Aburre ya escuchar o leer disparates tales como que el mercado cubano
ofrece excelentes oportunidades a las empresas americanas, o las
promisorias perspectivas de negocios que podrían encontrar en Cuba tan
pronto como el presidente Barack Obama lograra que el Congreso levante
las restricciones del embargo
Se trata de un doble sofisma.
Primero, que el Congreso de EEUU, de aplastante mayoría republicana en
estos momentos, estuviera dispuesto, con prisa y sin pausa, a dejar sin
efecto las leyes del embargo contra el gobierno cubano —no contra Cuba—
como solicitó Obama.
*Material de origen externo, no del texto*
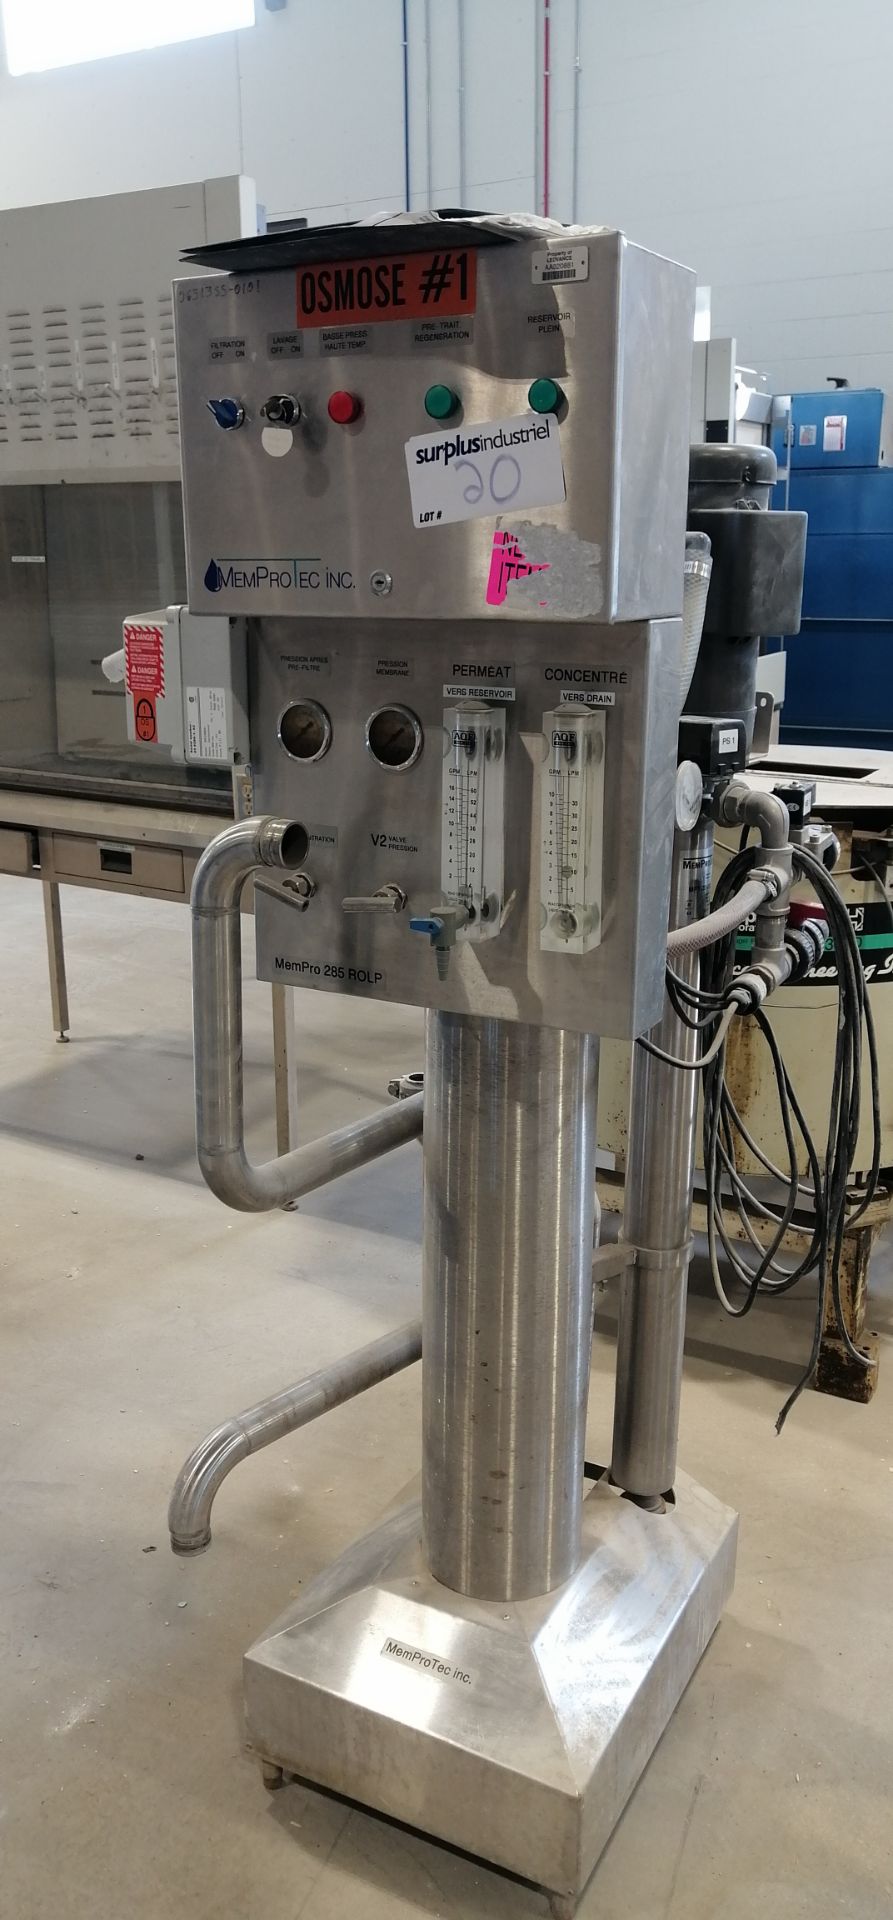 MemPro Series Stainless Steel Reverse osmosis or nanofiltration system Model:285-ROLP - Image 2 of 13

Y, segundo, porque aunque así fuera, suponer que la
población cubana, empobrecida y depauperada por más de medio siglo de
dictadura castrista, estaría en condiciones de consumir no ya filetes de
res, colas de langosta o piernas de cerdo orgánico, sino aunque fuera
caramelos de miel de abejas o panetelas de chocolate “made in Hialeah”,
cuando el salario mensual o la pensión no alcanza en Cuba ni para comer
decentemente mucho más allá de una semana.
Para que florezca un
mercado no basta que existan personas con necesidades. Se necesita
también que tales personas tengan capacidad real de consumir y
constituyan una demanda real, es decir, dispongan de recursos
suficientes para adquirir los productos a disposición de los potenciales
clientes.
Es falso creer que basta con una población abrumada por
necesidades perentorias, como la población cubana en estos momentos,
para que prospere un mercado. ¿Por qué no se venden tantos Cadillacs en
Guatemala como en Texas, ni tantos BMW en Zimbabwe como en Munich?
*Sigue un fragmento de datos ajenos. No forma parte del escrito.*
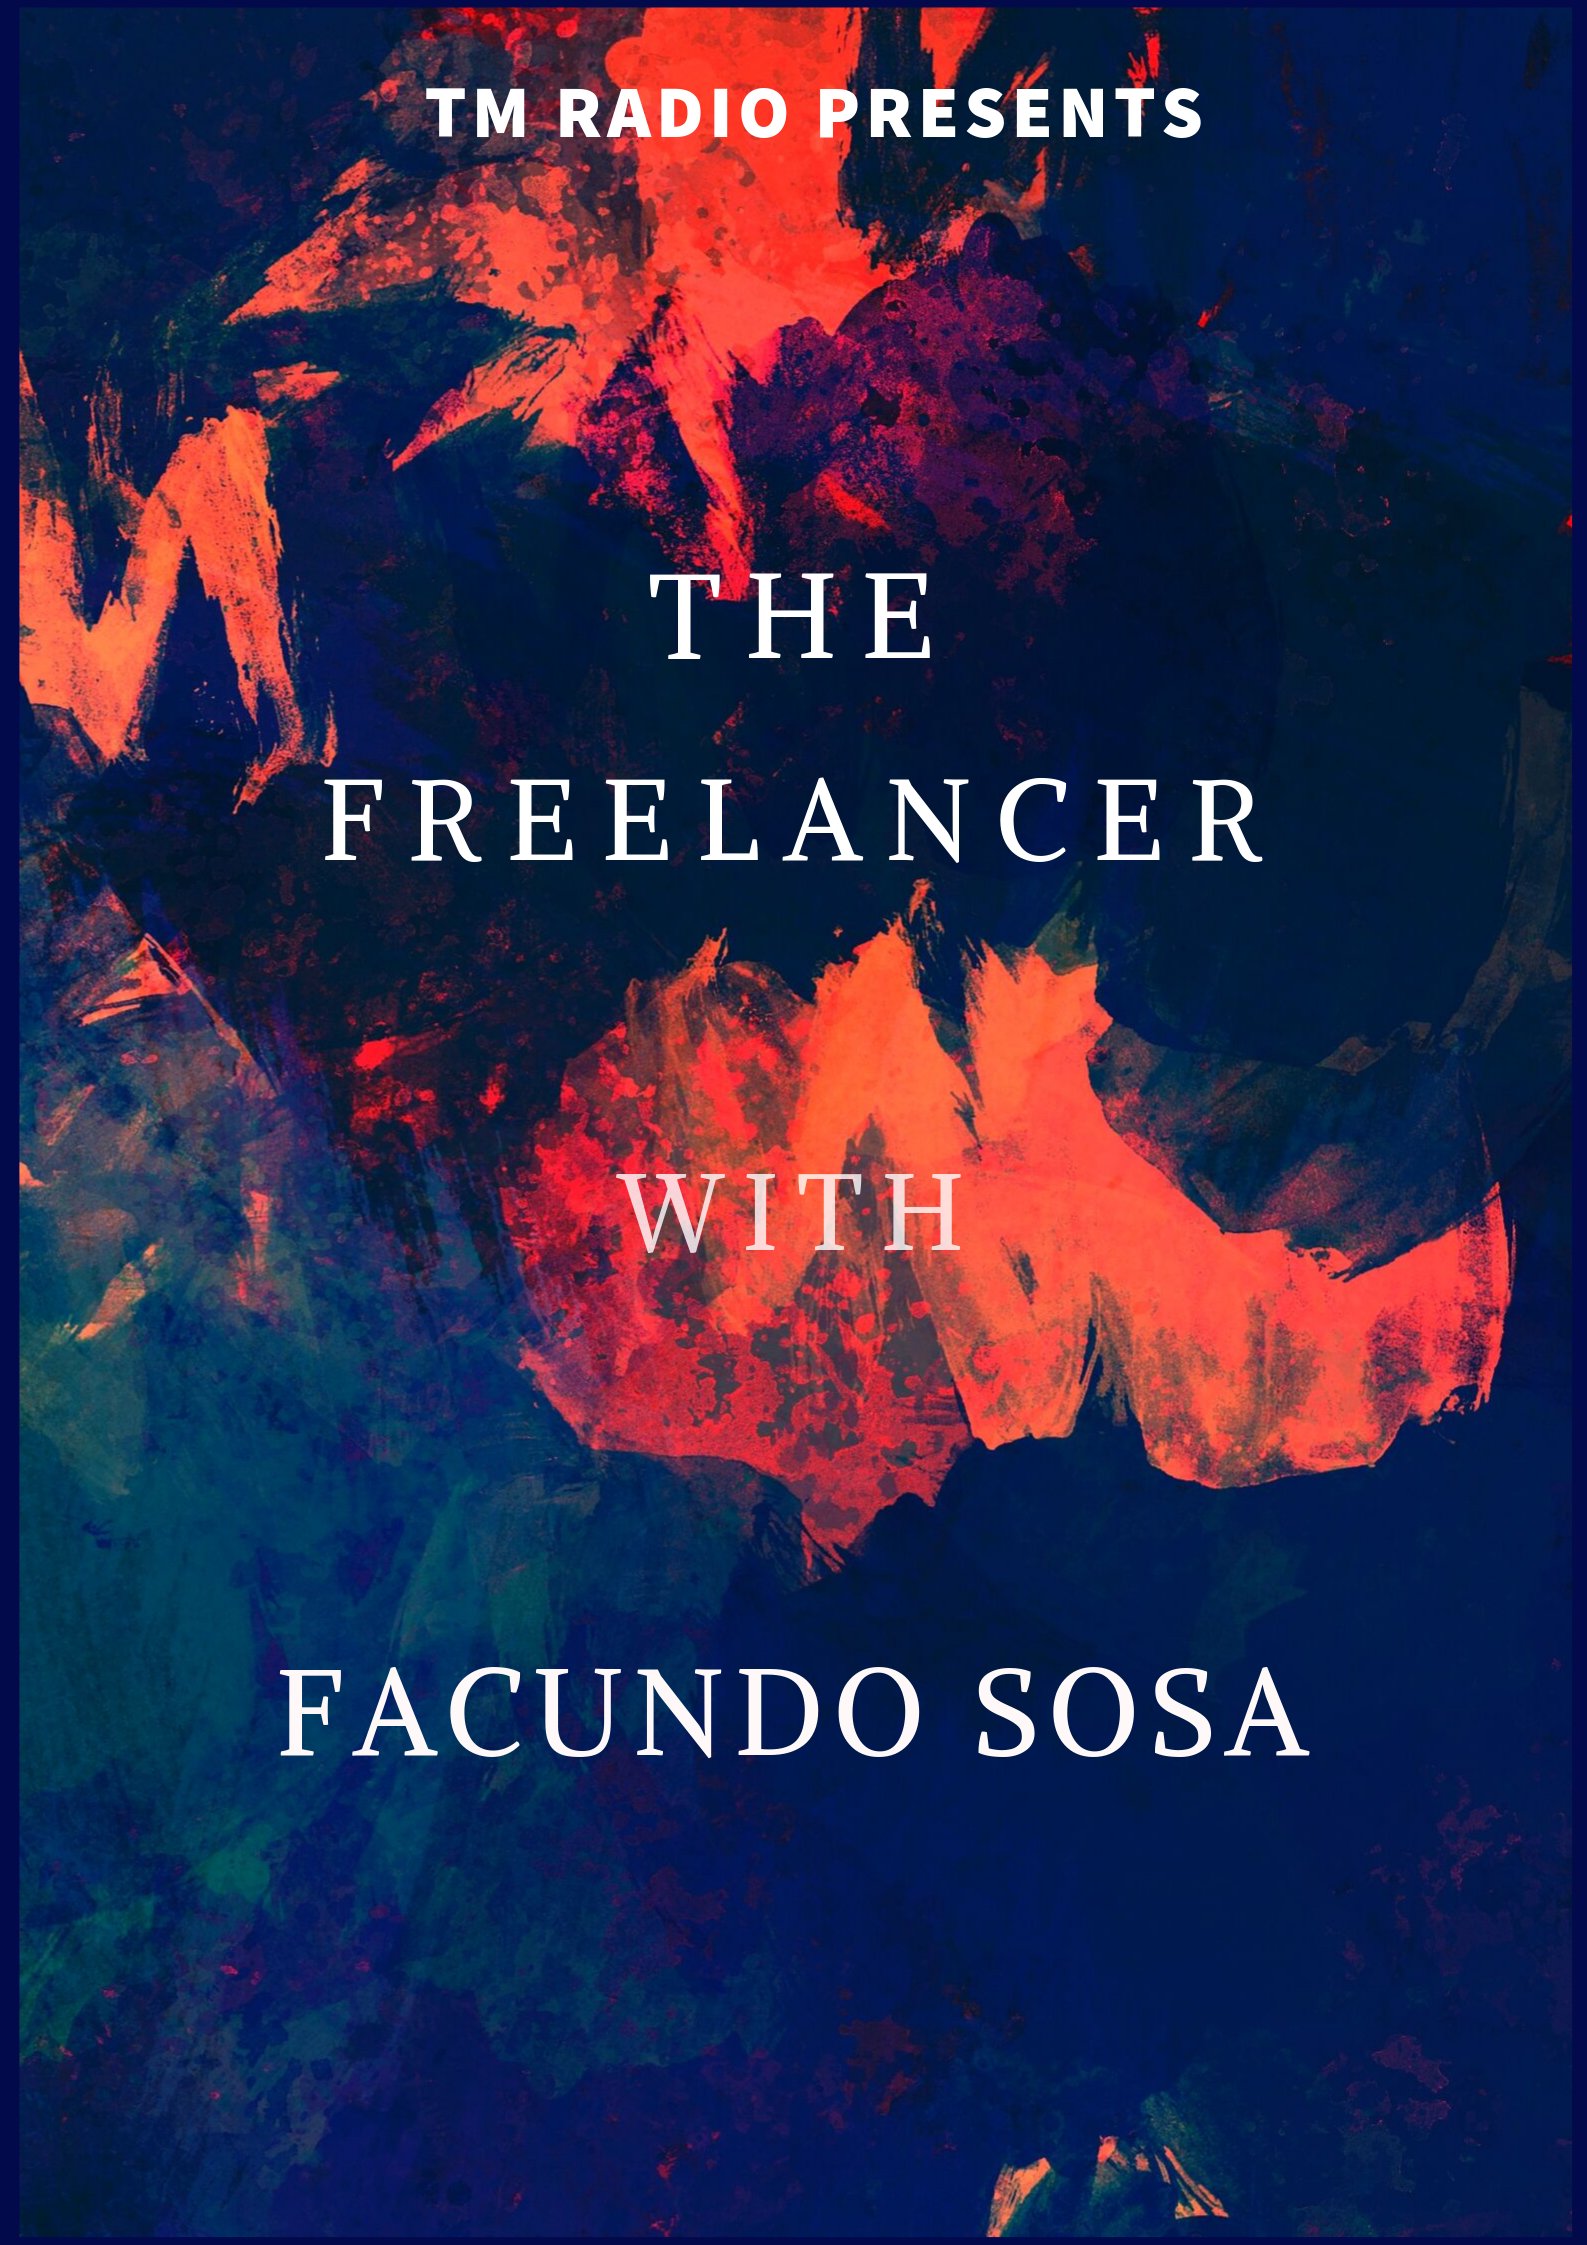 The Freelancer :: Episode 021 (aired on March 28th, 2021) banner logo

Porque tal vez puedan hacer falta, pero la capacidad del mercado
tercermundista depende de los recursos reales, que no abundan.
Entonces,
¿qué quedaría en el caso de Cuba? Un país que en algunas líneas puede
exhibir niveles de primer mundo, como quizás en la producción
farmacéutica y biotecnológica (aunque a algunos no les gustará esto que
digo), pero en otros sectores, como agricultura o comercialización de
alimentos, es tercermundista, y en ocasiones podría considerarse Cuarto
Mundo.
Los cubanos en la Isla necesitan productos alimenticios de
mayor calidad y variedad, vestuario y calzado decente, medios de
transporte adecuados, viviendas decorosas, efectos electrónicos y
electrodomésticos, artículos deportivos, relojes, teléfonos celulares,
material escolar, libros, revistas, y muchas cosas más.
Ni los
salarios ni las pensiones en Cuba bastan para satisfacer adecuadamente
ni siquiera la primera de esas necesidades mencionadas: productos
alimenticios de mayor calidad y variedad, a precios que se correspondan
con el poder adquisitivo real de la población.
Naturalmente, los
cubanos no viven solamente de los raquíticos salarios y pensiones que el
gobierno hace como si pagara, a cambio de que los trabajadores hagan
como si trabajaran y los retirados como si estuvieran satisfechos al
final de su vida laboral.
Sin embargo, en la vida real, desde
Miami, todo EEUU y muchos otros países, fluyen hacia Cuba remesas para
familiares y amigos que los cubanos en el exterior envían a quienes
quedaron allá, y que son un aporte que se puede considerar sustancial,
aunque no llegue a ser tan elevado como señalan algunos.
Otros
cubanos —que pueden recibir remesas o no— trabajan por cuenta propia sin
depender de los miserables salarios del Estado, y disponen de recursos
para vivir mejor que los asalariados que trabajan para el gobierno. Pero
no se confunda nadie: no todos los cuentapropistas son dueños de
sofisticados “paladares” de moda, “boteros” de taxis jurásicos o
personas que alquilan habitaciones al turismo extranjero. Hay
carretilleros vendiendo viandas, gente que rellena fosforeras o arregla
espejuelos, sastres, modistas, reparadores de calzado, albañiles,
plomeros, carpinteros, y vendedores de alimentos que no disponen de su
“paladar” y se limitan a la rústica cafetería de poca monta, que no
forman parte de una nueva “clase media” ni soñando.
Y otra parte
de los cubanos —que pueden recibir remesas o ser cuentapropistas o no—
tiene que “resolver” sustrayéndole al Estado “omnipropietario” todo lo
que pueda para su supervivencia y la de su familia. Lo que en otro país
sería acto censurable, en la finca de los Castro se maneja bajo el manto
de que “ladrón que roba a ladrón…”, eso mismo, cien años de perdón. Y
todo el mundo sabe quién es ese otro ladrón del refrán.
Entonces,
para empresarios de pensamiento superficial, “expertos” de café con
leche, y periodistas que entrevistan a oficiales de la inteligencia
vestidos de “académicos” o “exdiplomáticos”, a cubanos en EEUU que son
lo más parecido a agentes de influencia, y a académicos americanos que
reciclan consignas del Palacio de la Revolución, ese mercado interno
cubano tan promisorio resultará tan irreal y abstracto como la buena
voluntad del régimen para disminuir la represión o elevar el nivel de
vida de los cubanos.
El tiempo lo demostrará. Y no habrá que esperar tanto para comprobarlo.